THE PROBLEM
Recreate the listing that follows line for line, without pictures.

GIVEN MATERIAL

┄┄┄┄┄┄┄┄┄┄┄┄┄┄┄┄┄┄┄┄

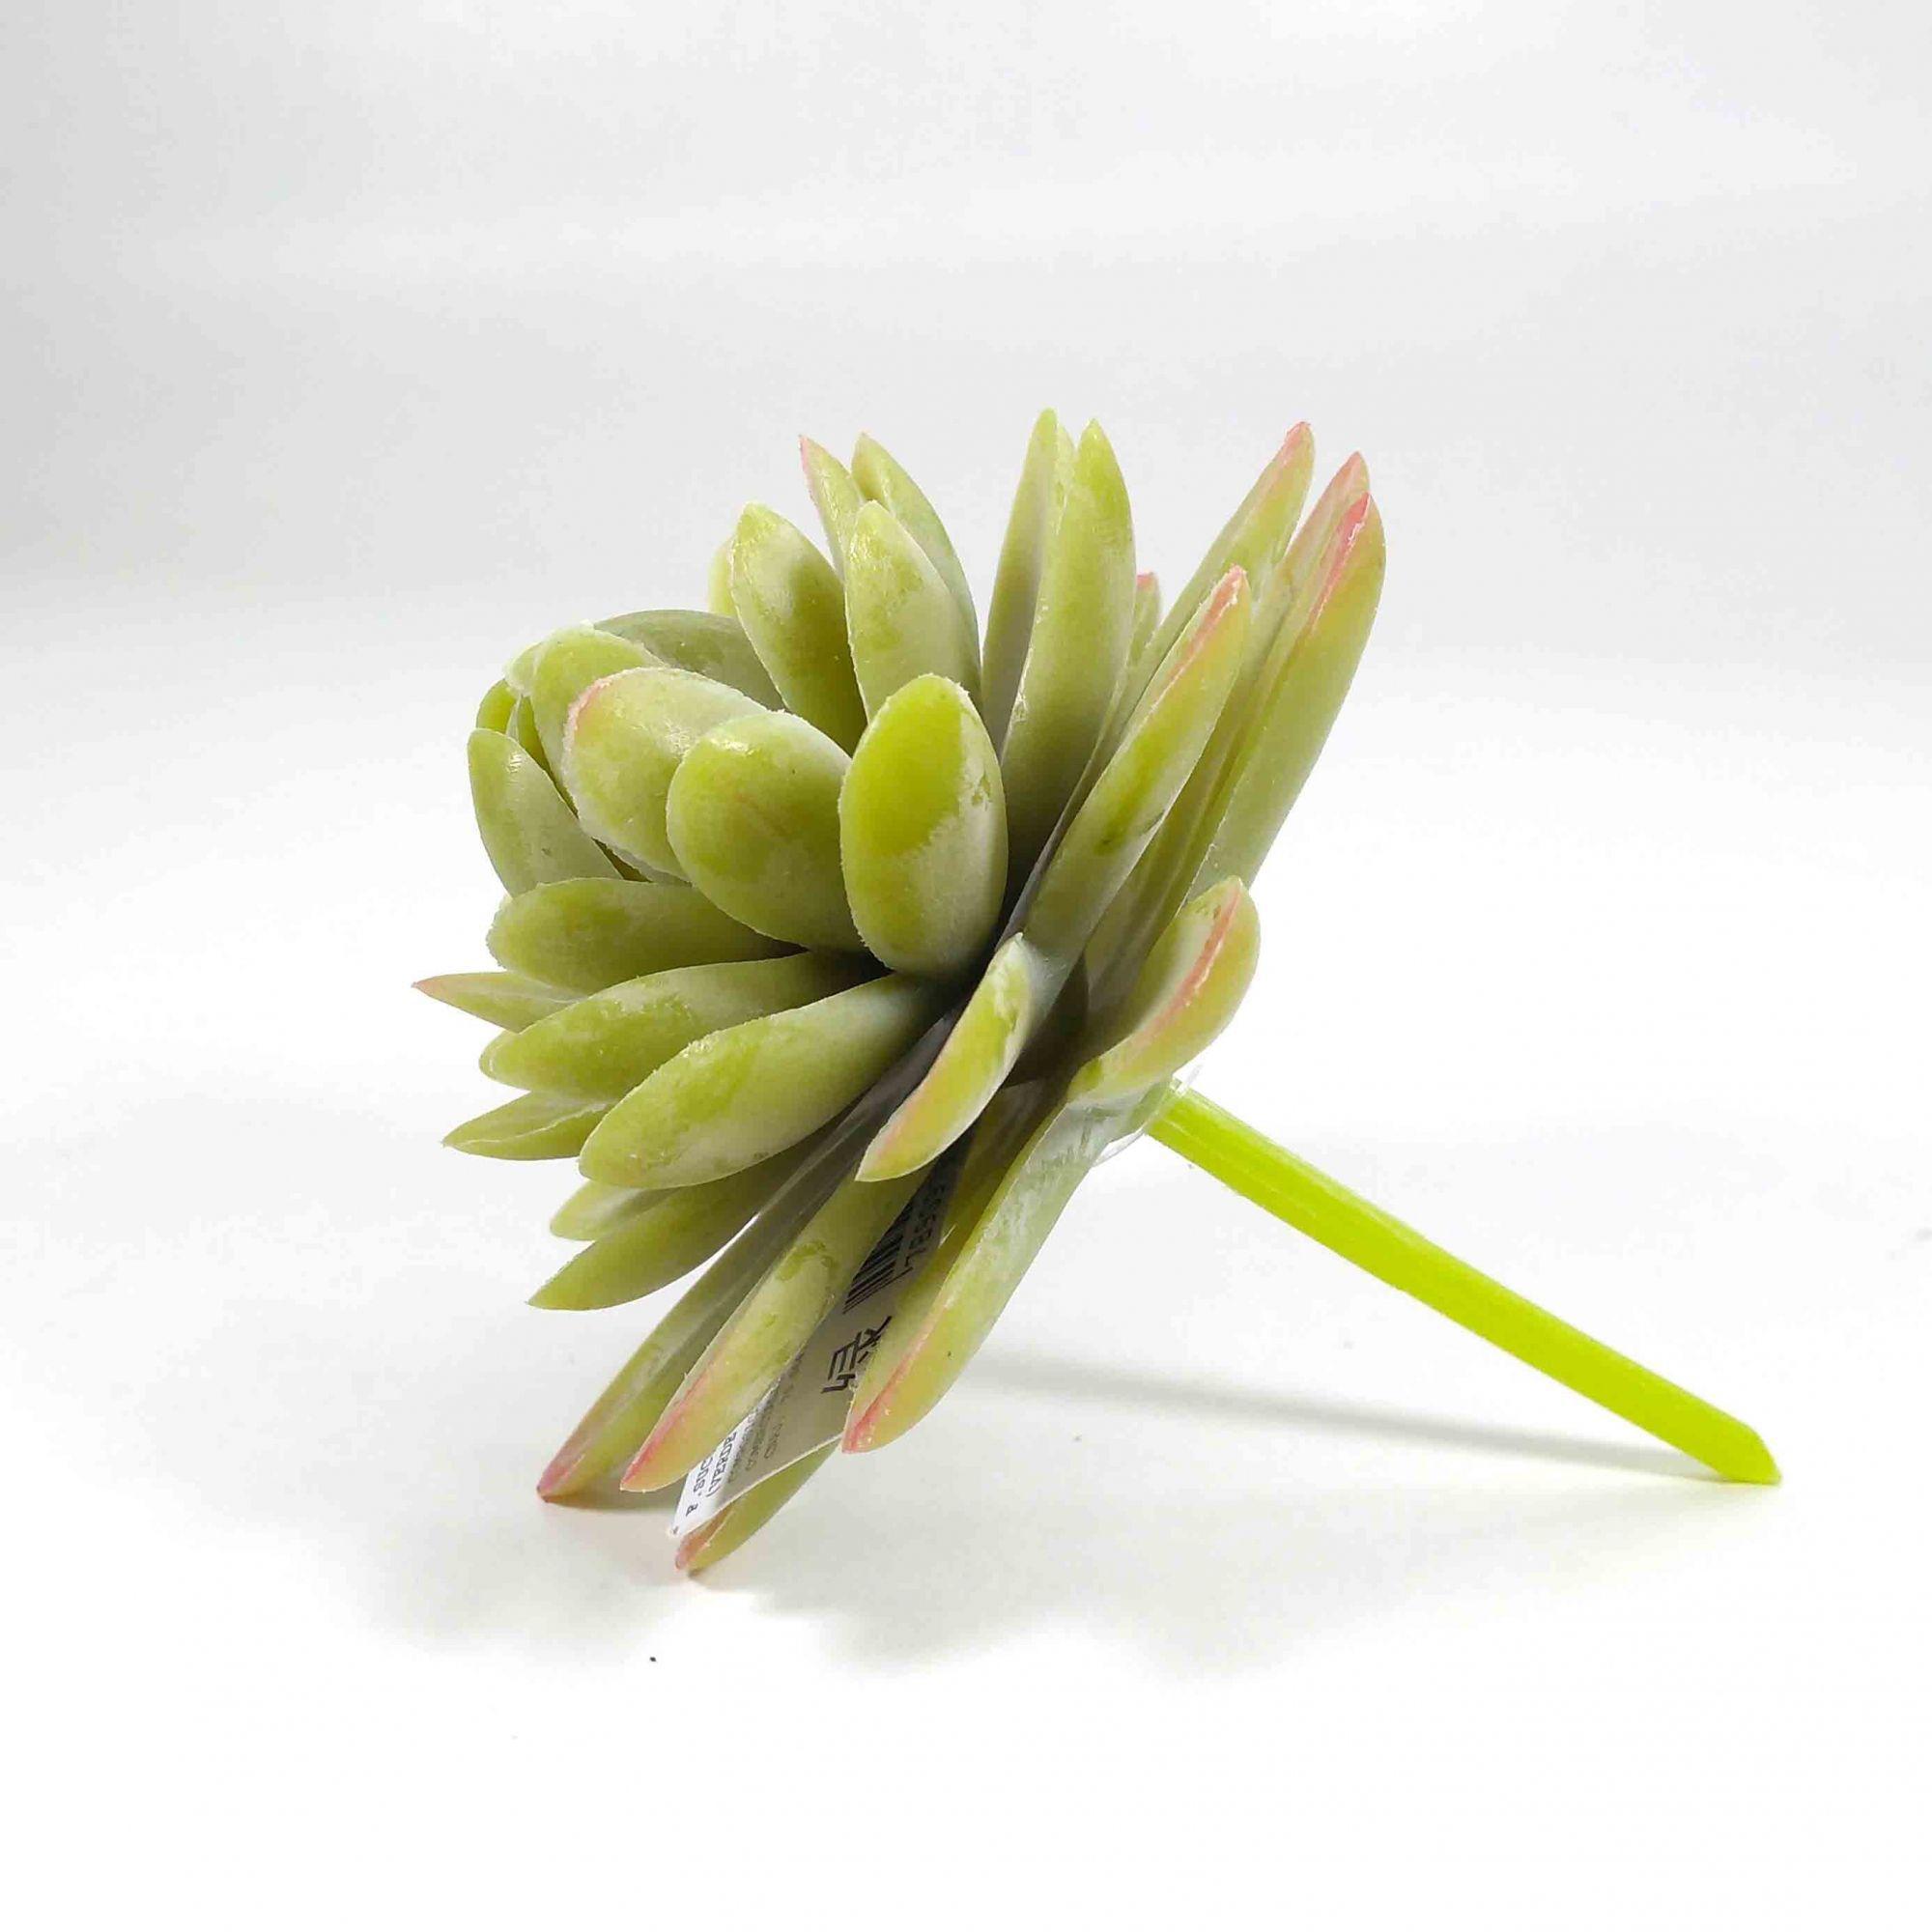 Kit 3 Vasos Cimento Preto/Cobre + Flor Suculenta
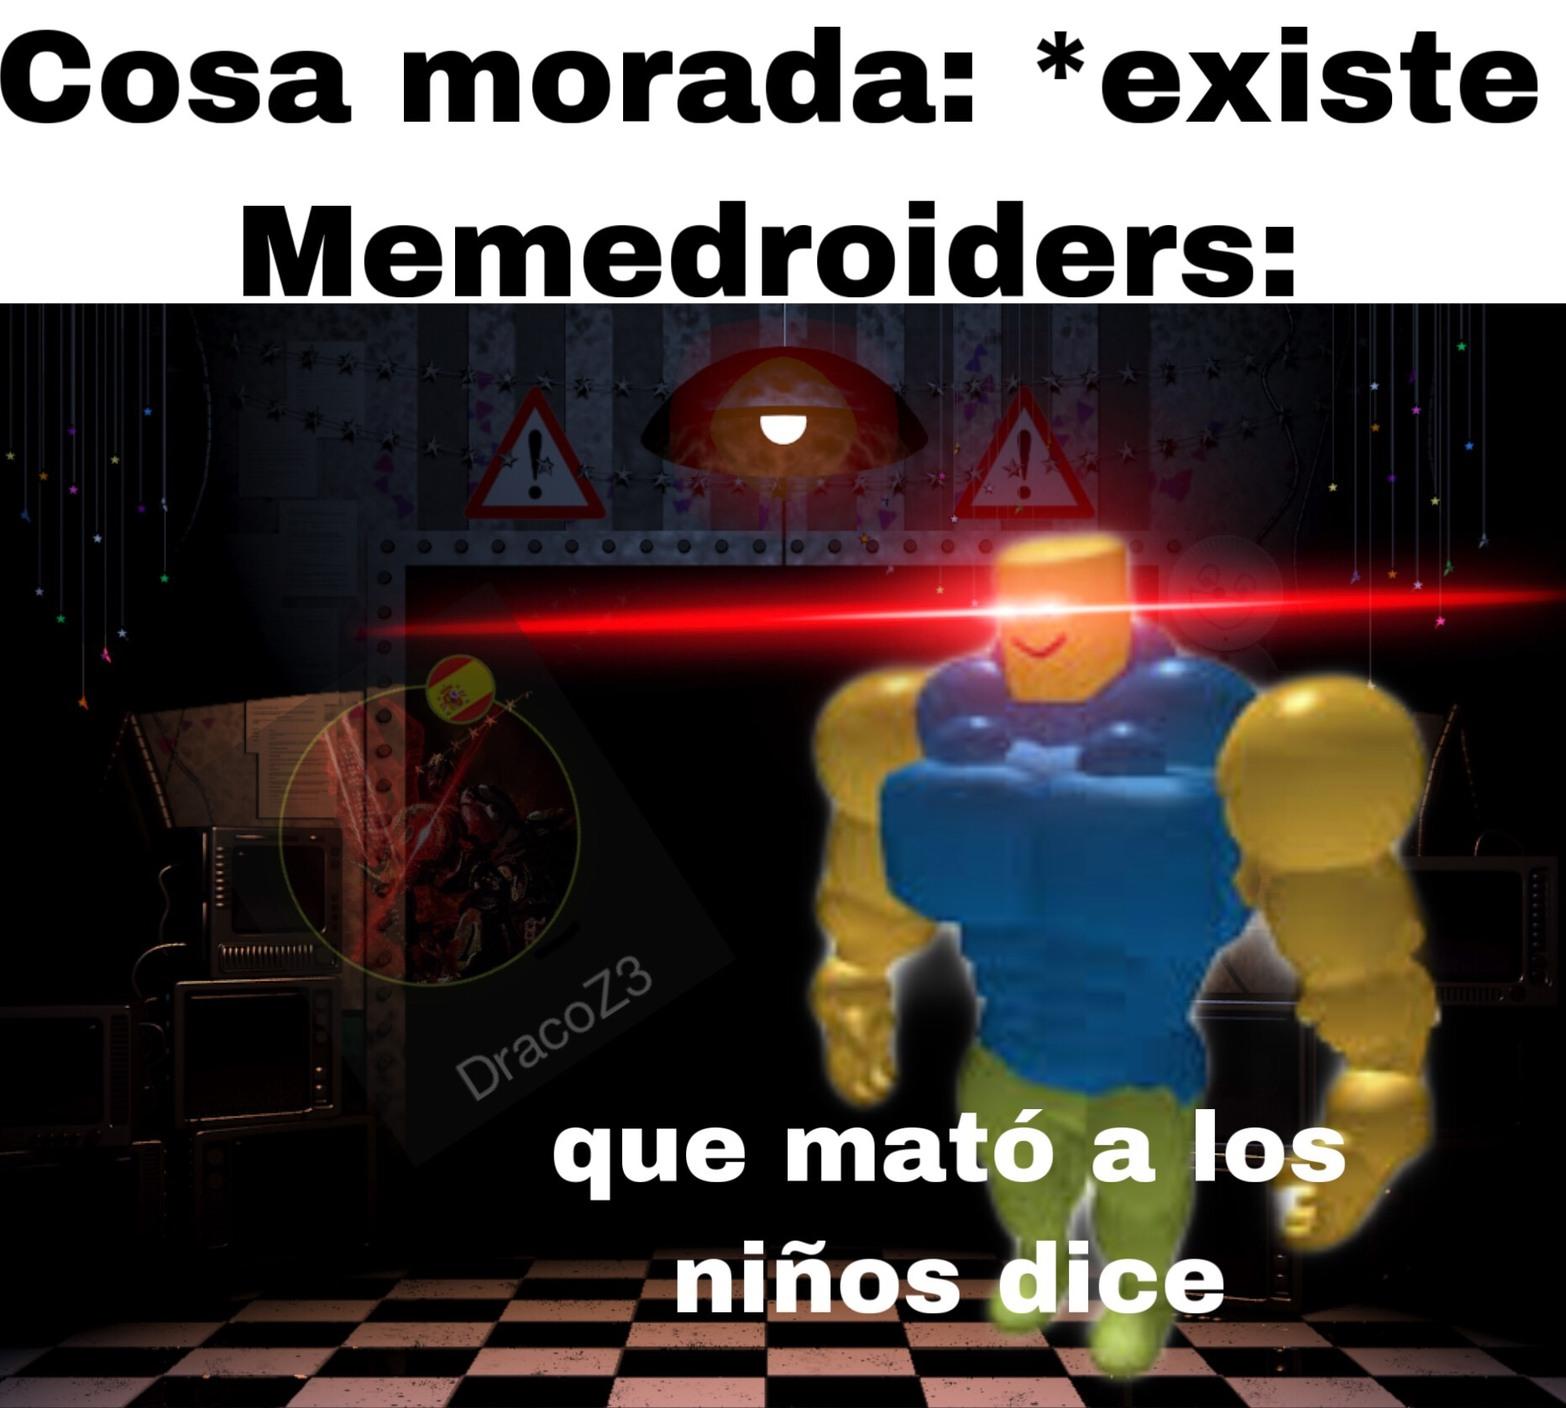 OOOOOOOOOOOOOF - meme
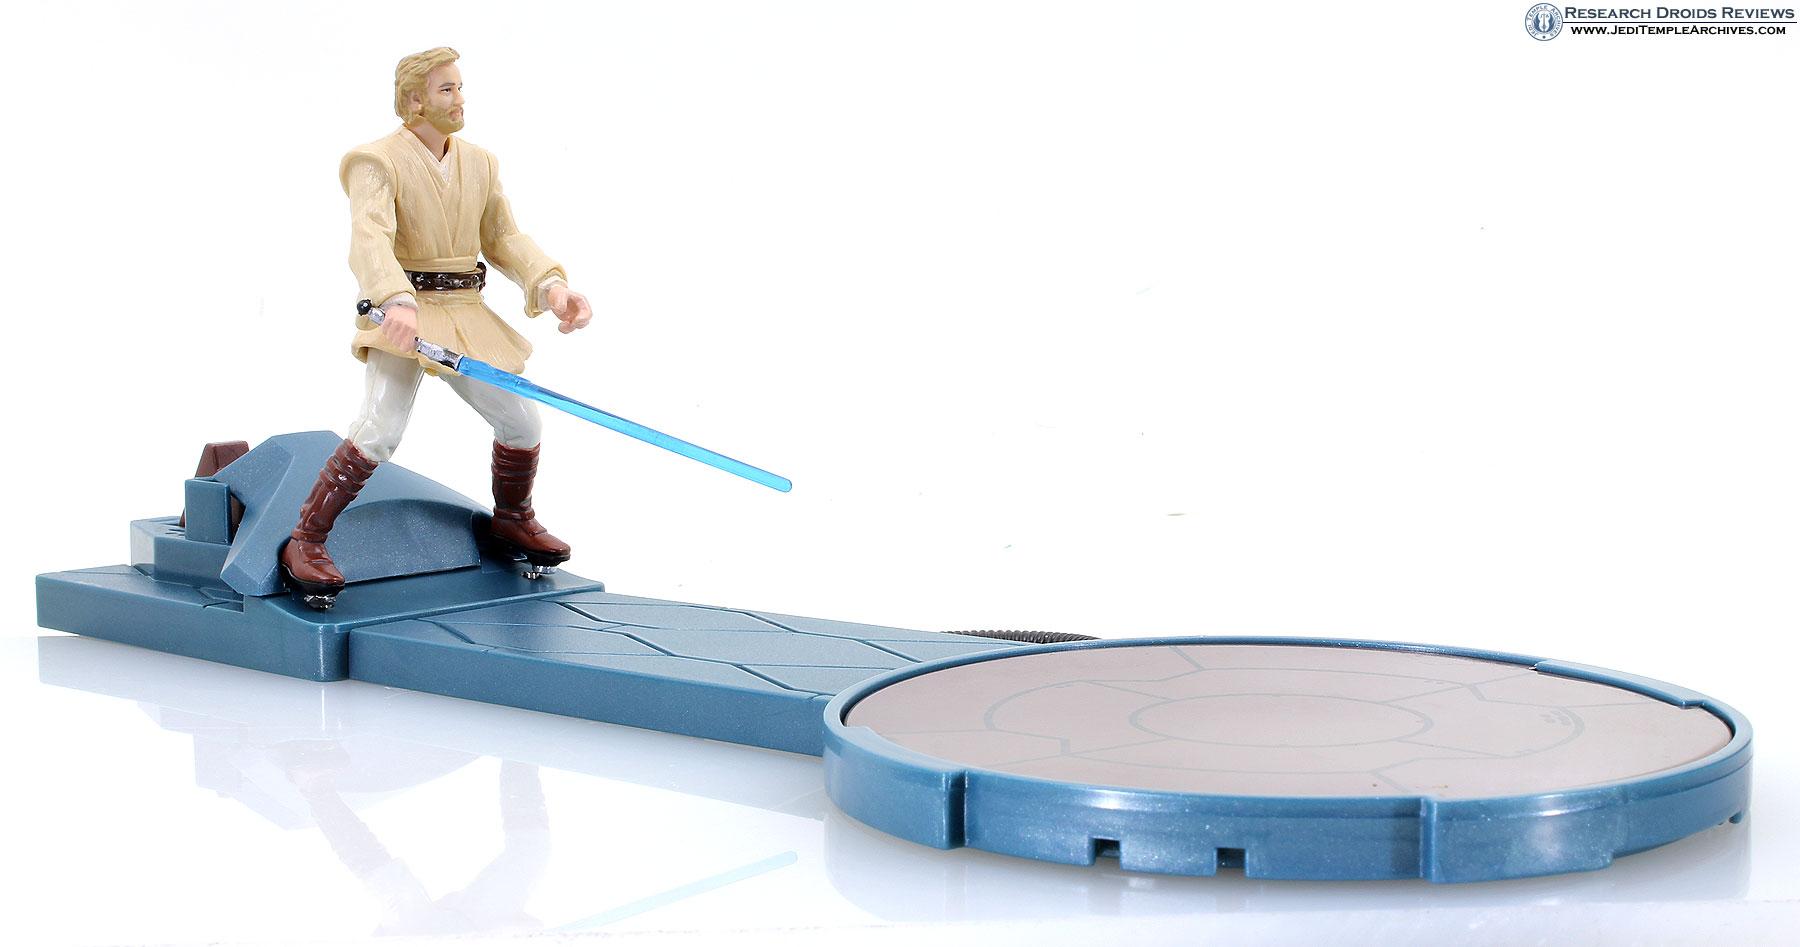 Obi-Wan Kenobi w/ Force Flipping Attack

┄┄┄┄┄┄┄┄┄┄┄┄┄┄┄┄┄┄┄┄

RESPONSE AREA
 Kit 3 Vasos Cimento Preto/Cobre + Flor Suculenta
 OOOOOOOOOOOOOF - meme
 Obi-Wan Kenobi w/ Force Flipping Attack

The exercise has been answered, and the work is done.